Hamed Khorsand: I guess I was asking why now? What was the impediment to do it now?
Justin Benincasa: It’s really a part of the initiative to just kind of more efficiently run the business and improve the margins.
Hamed Khorsand: Got it. And my last question was, last earnings call, you were talking about the churn going up in mobile, that came down. What was the result of that as far as the improvement you’ve seen? Is that because of better marketing, the consumer there is happy with the mobile service they have and the mobile phones they have? I know in the past, you’ve talked about that they have two phones, and now they’re back to one.
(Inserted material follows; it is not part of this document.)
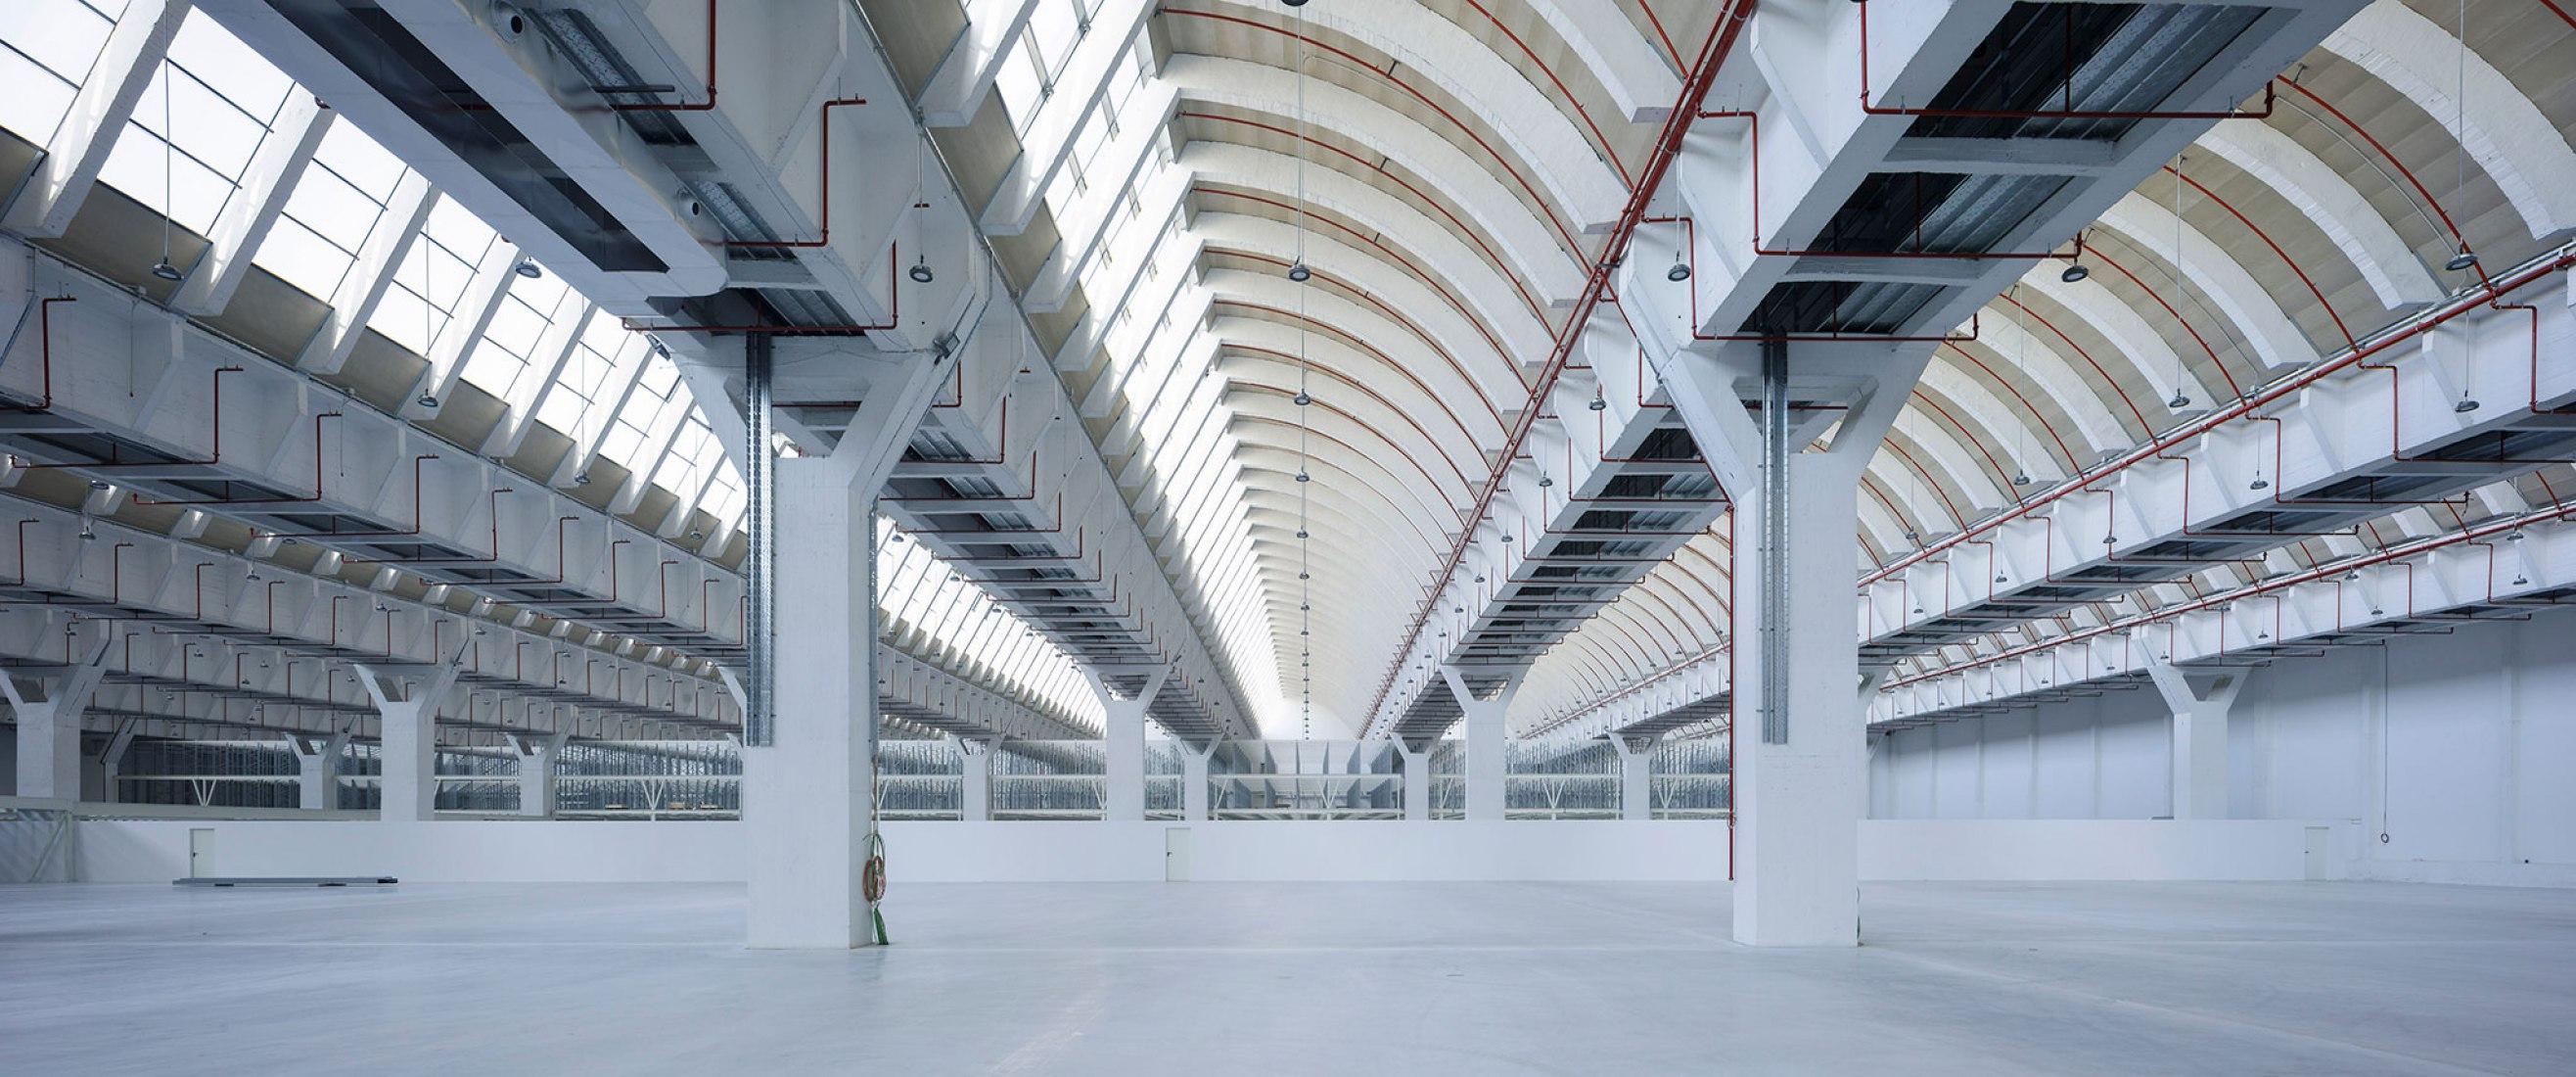 Rehabilitación de la fábrica Intelhorce de Málaga por System Arquitectura. Fotografía por Fernando Alda

Brad Martin: Yes. Hamed, I’ll take that. Generally, there was a dynamic this year in one of our significant prepaid markets or there was a competitor that came in with a free offering with new network, a much smaller competitor. That did have an impact — it did effectively have some positive impact for subscribers on data consumption. So that was 1 of the dynamics that was effectively a 6-month free promotional period. So that is something that, that promotional period has ended.
Hamed Khorsand: Congrats Justin on the retirement. Thank you.
Justin Benincasa: Thanks, Hamed.
Operator: [Operator Instructions] Our next question comes from the line of Ric Prentiss of Raymond James. Please go ahead Ric.
Ric Prentiss: Hey Justin can’t let you go without — we’ll give a few more questions here on your last call. Did you all have any exposure to the ACP program? Is that what you’re referring to in the COVID one? Or what was your exposure ACP?
Brad Martin: Ric, that was not what we’re referring to as the COVID. That was a different program called emergency connectivity Fund. ACP, we are watching this closely. We do have some exposure the ACP. It’s not a huge overall to ATN. We are still working to quantify the overall impact in options self-mitigated.
Ric Prentiss: Okay. Do you know how many subs you have sort of ability to kind of show us what that ballpark number is?
Justin Benincasa: Yes. We haven’t given that, Ric, yet. I think we probably just more time for us to quantify it.
Ric Prentiss: Yes. And the anticipation is that it might stop April, right?
Justin Benincasa: Yes, I think that’s — yes, yes.
Brad Martin: Yes.
Ric Prentiss: Okay. And other question for me is free cash flow looks like we’re there on the cusp of turning the corner to be positive free cash flow. Can you talk a little bit about maybe cash taxes and interest, which would be the other items compared to EBITDA and CapEx. But are you feeling pretty good that maybe even early this year, you get to that free cash flow positive dynamic? And then what kind of progress from there?
Justin Benincasa: Yes. I mean we’re definitely striving to increase free cash flow, right? We’ve been repeating that message over and over. And I think in terms of interest — so with that kind of our priority items to keep driving down leverage that’ll help on the interest cost. I think in terms of interest expense, you’ve kind of seen that in the quarter, that’s kind of a decent working number. Our cash taxes for before worse these days are pretty limited. But our goal is to keep expanding that free cash flow, bring down leverage, return it to shareholders.
Ric Prentiss: Okay. And we don’t usually include in our valuation free cash flow, but are there any unusual working capital items coming up?